2. The method for generating formal software models based on control flow graphs and large language models according to claim 1, characterized in that: In step S1, the construction of the control flow graph specifically includes: dividing the source code into basic blocks based on the control flow statements in the abstract syntax tree; creating nodes and directed edges according to the logical jump relationships between the basic blocks to form a control flow graph.

3. The method for generating formal software models based on control flow graphs and large language models according to claim 1, characterized in that: In step S1, when parsing the source code, the string data in it is simultaneously subjected to dimensionality reduction processing, converting the string into a numerical array representation based on the character ASCII code.

4. The method for generating formal software models based on control flow graphs and large language models according to claim 1, characterized in that: The state machine structure model uses a while loop as the main execution structure. It uses conditional statements to correspond to the node identifiers of the nodes in the control flow graph. When the jump condition of the corresponding node is met, the basic block operation corresponding to that node is executed and the program counter variable is updated to the next target node.

5. The method for generating formal software models based on control flow graphs and large language models according to claim 1, characterized in that: The intermediate representation code generation process is based on deterministic transformation rules and does not introduce heuristic inference or semantic approximation operations.

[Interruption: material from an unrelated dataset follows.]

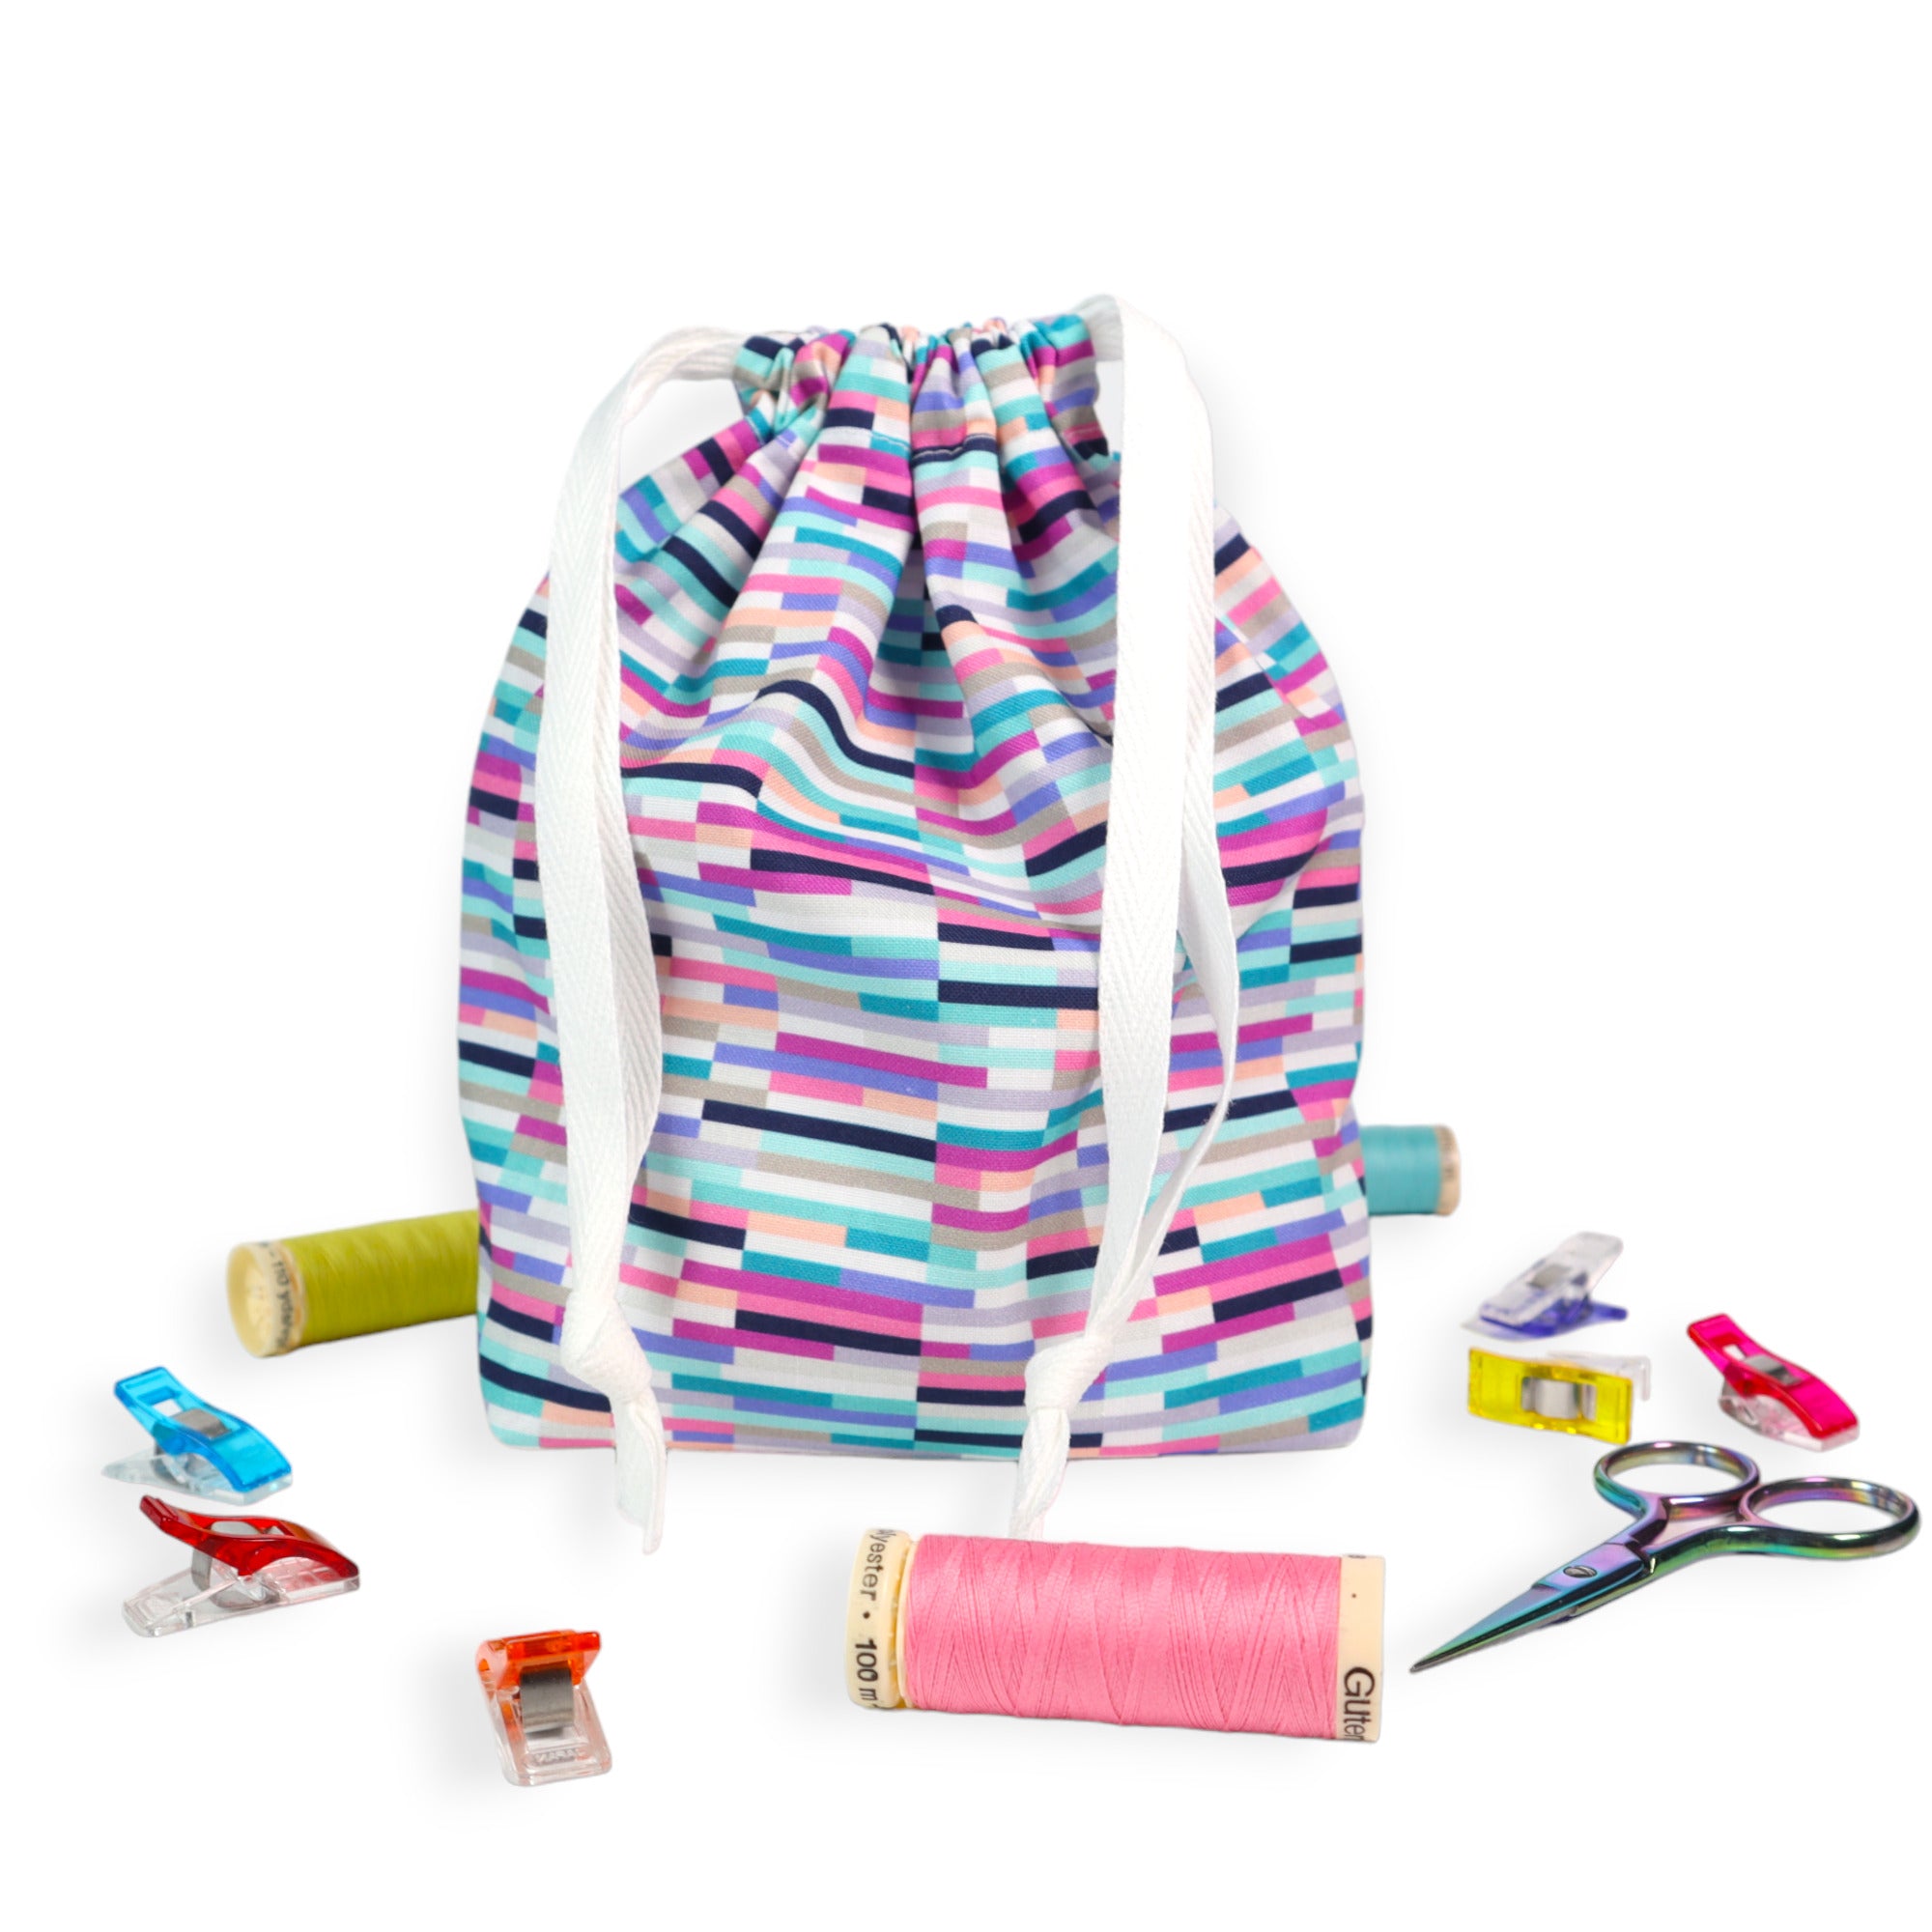 Drawstring Bag Sewing Kit - Block Stripes- Makes 2 Bags

6. The method for generating formal software models based on control flow graphs and large language models according to claim 1, characterized in that: The value range of the program counter variable is the set of node identifiers of the nodes in the control flow graph.

7. The method for generating formal software models based on control flow graphs and large language models according to claim 1, characterized in that: In step S3, each formal action in the formal model uniquely corresponds to a node in the control flow graph, and can be traced back to its specific location in the source code through the program counter variable and node identifier.

8. The method for generating formal software models based on control flow graphs and large language models according to claim 1, characterized in that: The constraint prompt template includes a role description to guide the role positioning of the large language model, the syntax rules and keyword set of the formal language, and the specifications of logical operators, set operators and temporal operators supported by the formal language.

9. The method for generating formal software models based on control flow graphs and large language models according to claim 1, characterized in that: In step S3, the test case-driven closed-loop verification specifically includes: compiling the test cases of the source program into formal attributes and using them as the specification of the formal verifier; using the formal verifier to verify the generated formal model and obtain counterexample trajectories; constructing feedback prompts based on the counterexample trajectories to guide the large language model to correct the formal model and iteratively verify it until all formal attributes pass the verification.

10. The method for generating formal software models based on control flow graphs and large language models according to claim 1, characterized in that: In step S3, the formal model describes program branches, loops, and exception paths through a control flow graph, and combines intermediate representation code to transform the path states in the control flow graph, so as to cover all possible execution paths of the source program.